The Bookworm Sez: 'Dead or Alive?' perfect for the budding biologist

The Bookworm Sez: ‘Dead or Alive?’ perfect for the budding biologist

Lately, you’ve been fighting a lot with your brother.

Sometimes, he makes you mad, though, and you just can’t help it! So you yell, and he yells and pretty soon, there’s a war that makes your mother crazy.

Even though you fight with your brother, you still love him. And nothing dangerous happens, unlike with the creatures in the new book “Dead or Alive?” by Clive Gifford, illustrated by Sarah Horne (c.2014, Red Shed/Egmont UK, $14.99, 48 pages).

When an animal in the wild gets hungry, there aren’t a lot of options. It’s not like they can go to the grocery store, right? No, they have to catch their supper and while nature’s given some of them speed and claws to do that efficiently, potential meals have a few tricks on their side, too.

Take, for instance, ‘possums and hognose snakes.

When opossums and hognoses are threatened with becoming snacks, they act dead, they smell dead, they look dead, and are very unappetizing to predators.

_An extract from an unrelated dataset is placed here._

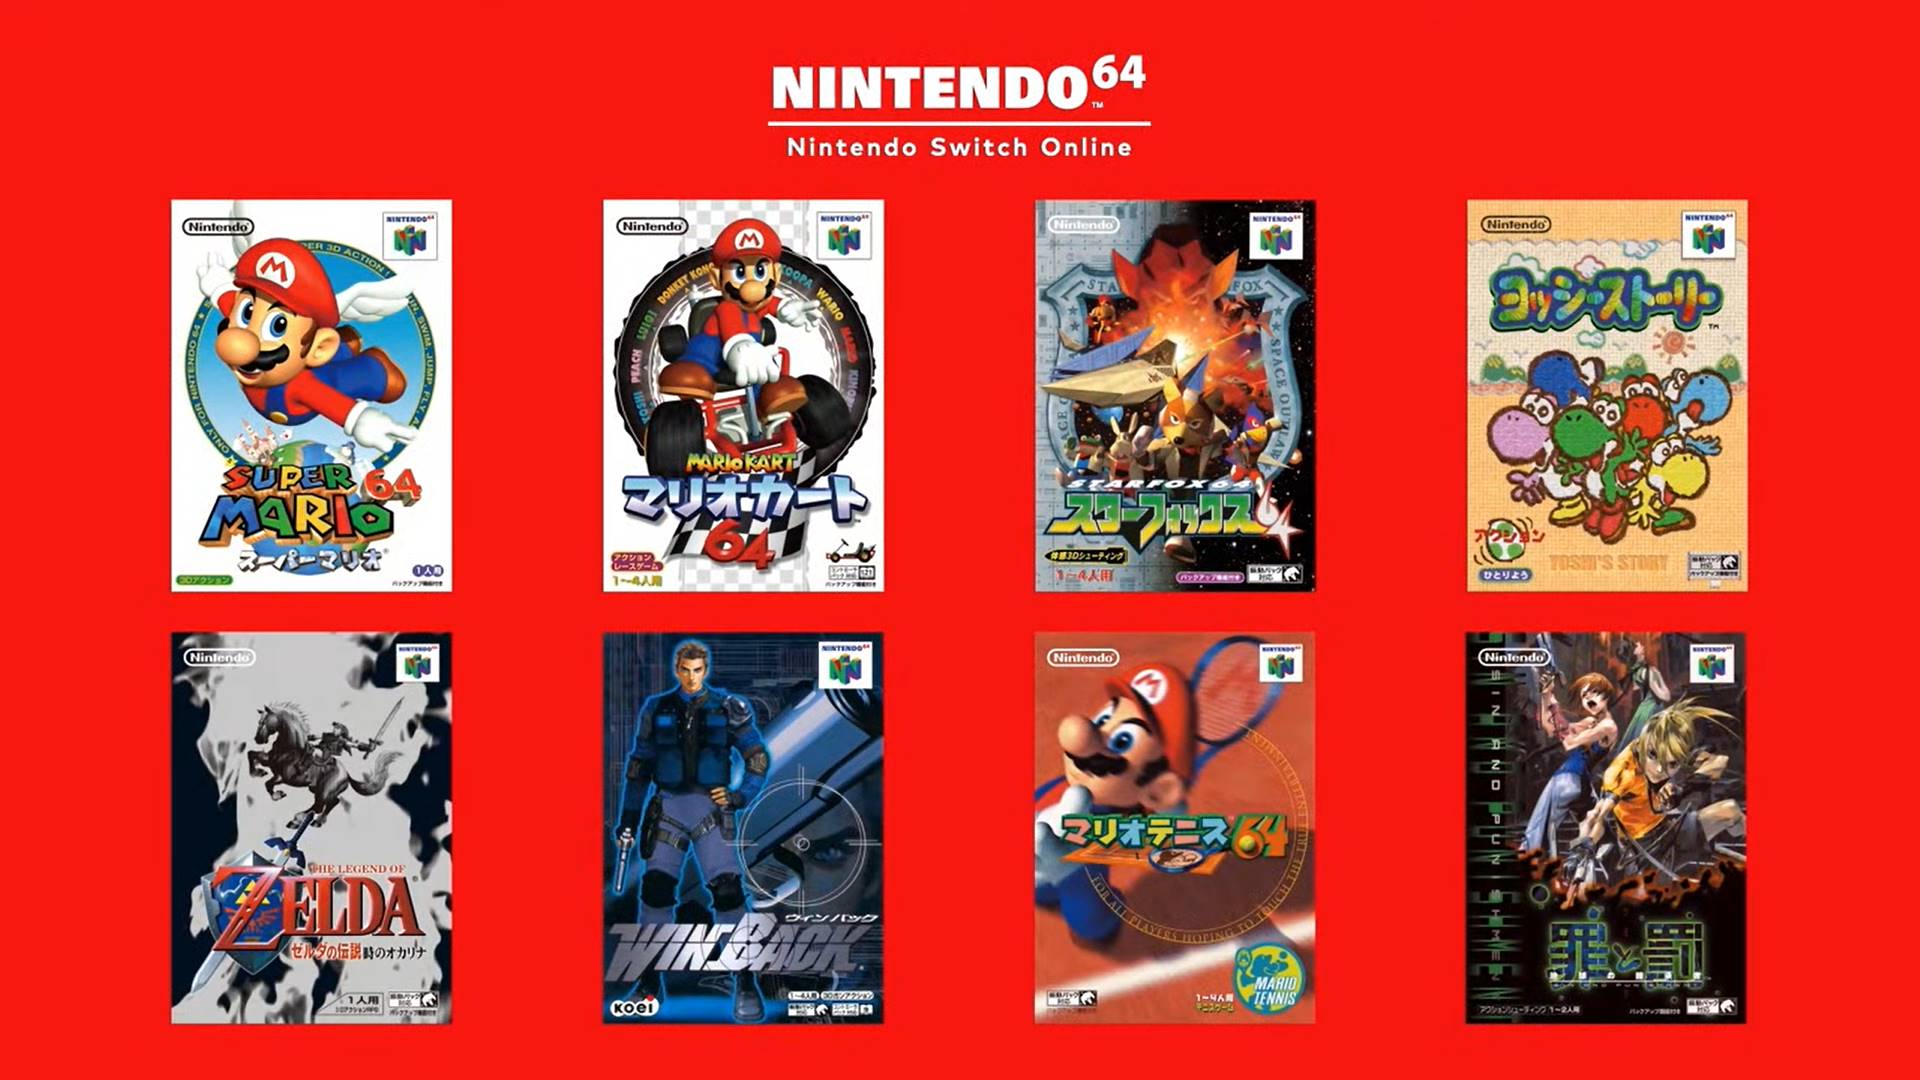 N64 and Sega Genesis games come to Switch Online, but will likely

That allows them to live (and play dead) another day.

On the other hand, though, what about those critters that gotta eat?

They can pretend to be rocks, like an alligator snapping turtle, and lure their lunches straight to their mouths. Or, like anglerfish, they might use bioluminescence to invite other creatures to dinner. Or, like orange barnacles, they could just turn their prey into zombies and wait until snacktime.

For other animals, matters of life and death are a little more unusual.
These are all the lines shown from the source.